— Петр Демидович, — испуганно сказал ему Шутемов, — ищут вас по всем окрестным селам. Обещана за поимку награда, — врал он. — А санный сторож, который подглядел и узнал вас ночью, хотя и молчун, но вдруг позарится на деньги и продаст обоих. За тебя-то тысячу дают, а за Павла — две. Не знаю, почему такая несправедливость в цене? — издевательски сокрушался он. — Ты-то ведь дороже и громче, Петя. Тебя они хотят сразу в кандалы, а Пашу-то еще думают пропустить через окружной суд. Переселю-ка я вас в такое место, что и вы будете как у Христа за пазухой, и я буду спокойно спать, а после найдем ходы-выходы…

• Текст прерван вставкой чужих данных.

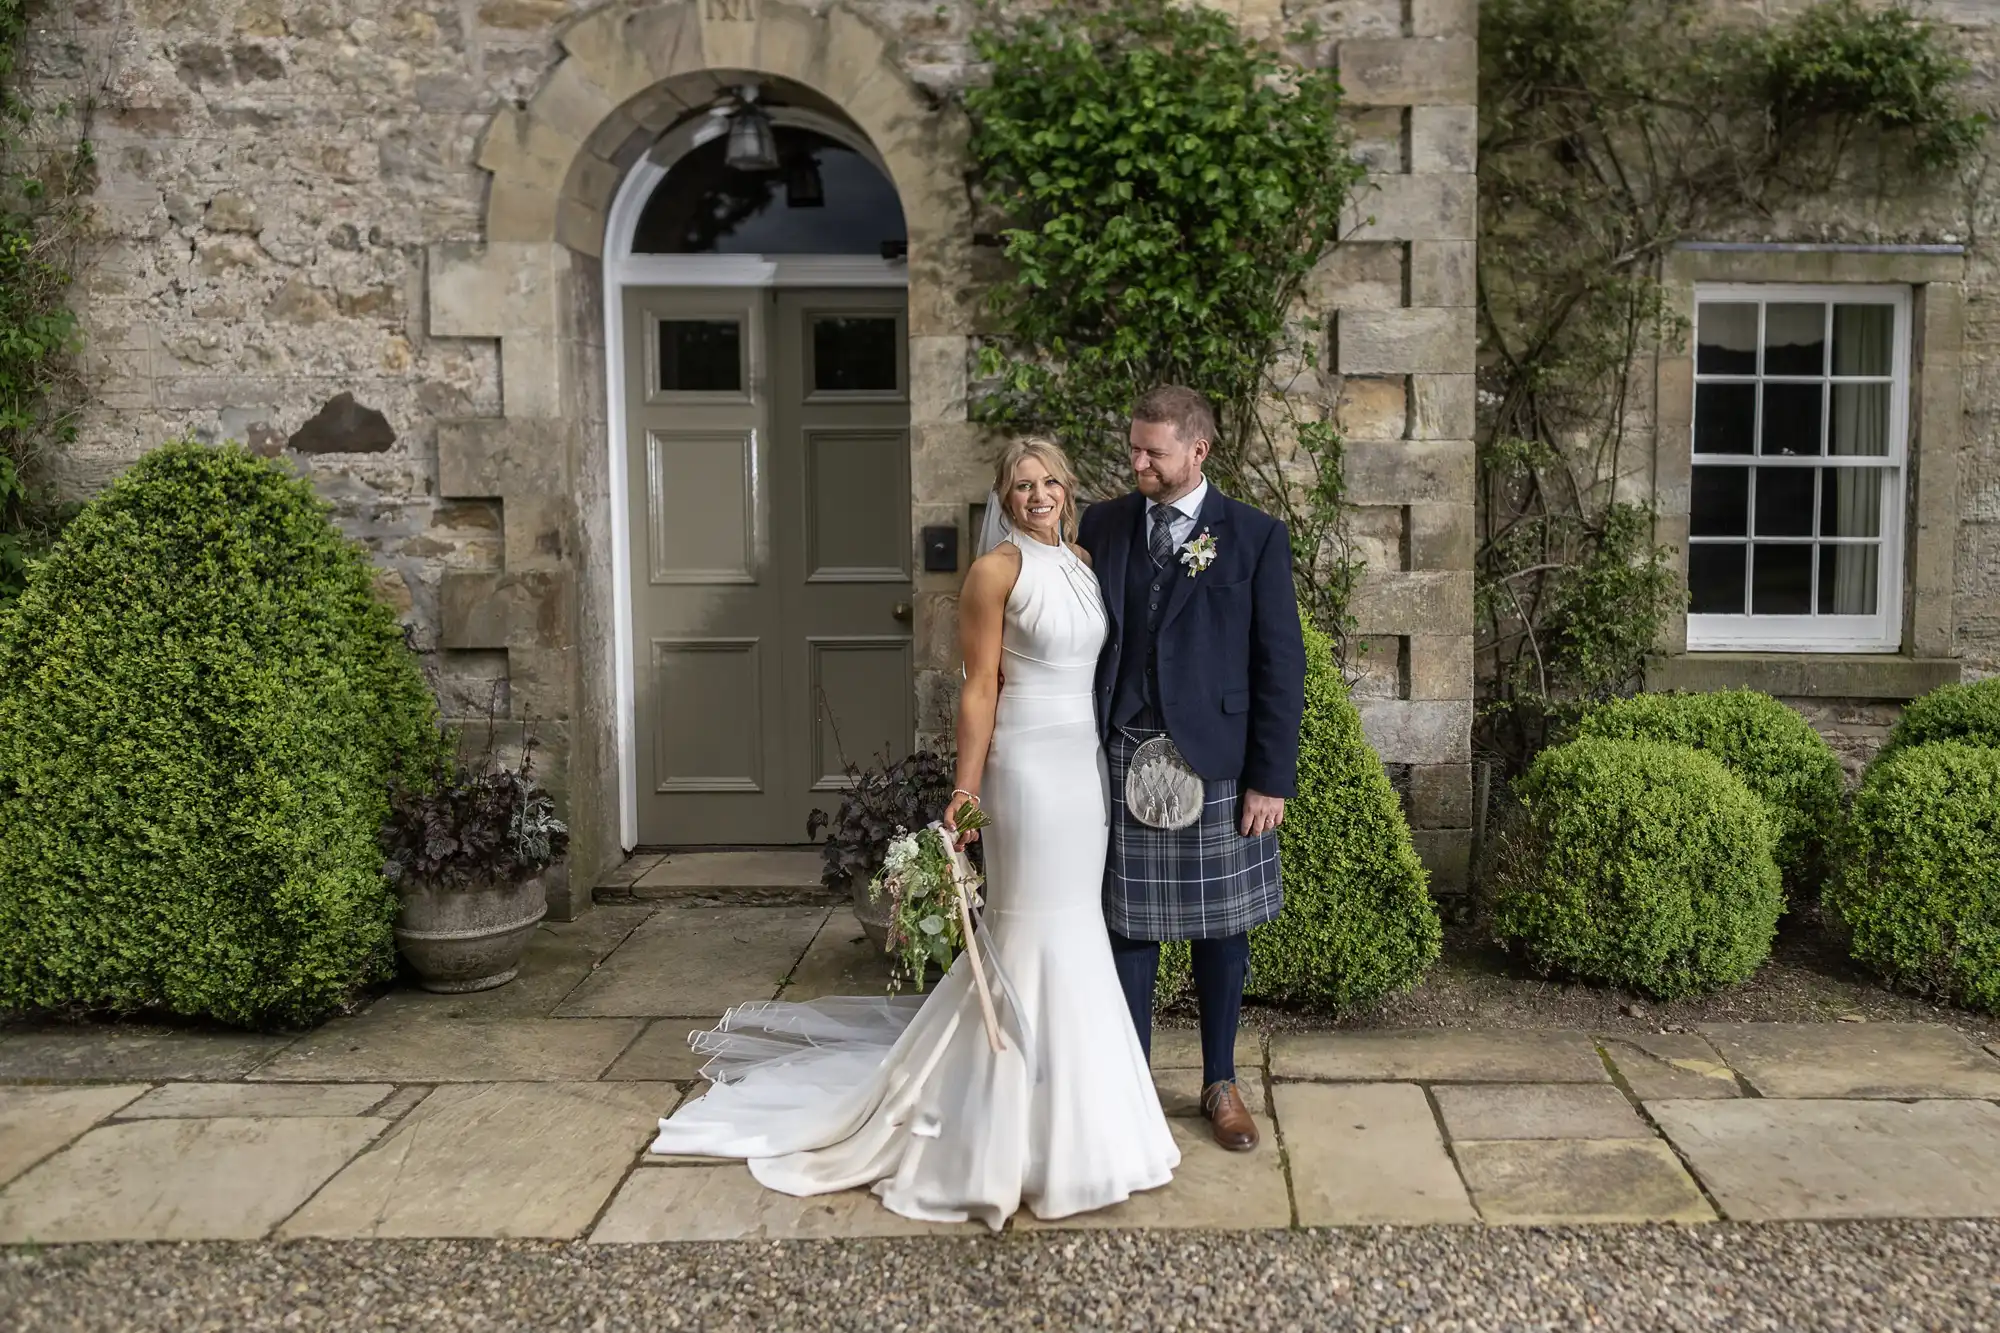 A bride in a white dress and a groom in a kilt stand smiling together outside a stone building flanked by shrubs.

Их перевели в «потаенную кладовуху», ставшую для них ловушкой. Теперь отец и дочь могли заняться тем, как повыгоднее и безопаснее продать Иртеговой ее сокровище.
Вот тут-то и пришла отчаянная мысль «купить» на стреховские векселя иртеговский завод. Палицын встретился нежданно-негаданно. Он-то и додумал за Шугемовых все остальное. Додумал и осуществил…
LVII
Из Лондона Екатерине Иртеговой пришла счастливая телеграмма: «Спасибо, Солнце мое», — а затем Палицын привез письмо, подтверждающее телеграмму.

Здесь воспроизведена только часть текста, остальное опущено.